* _Problem statement_
Would you transcribe all of the data exactly, down to the last character?

* _Supplied information_

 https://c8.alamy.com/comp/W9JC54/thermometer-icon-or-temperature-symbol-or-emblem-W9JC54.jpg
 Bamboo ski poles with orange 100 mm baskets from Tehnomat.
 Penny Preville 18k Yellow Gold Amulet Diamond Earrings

* _Result of this task_
 https://c8.alamy.com/comp/W9JC54/thermometer-icon-or-temperature-symbol-or-emblem-W9JC54.jpg
 Bamboo ski poles with orange 100 mm baskets from Tehnomat.
 Penny Preville 18k Yellow Gold Amulet Diamond Earrings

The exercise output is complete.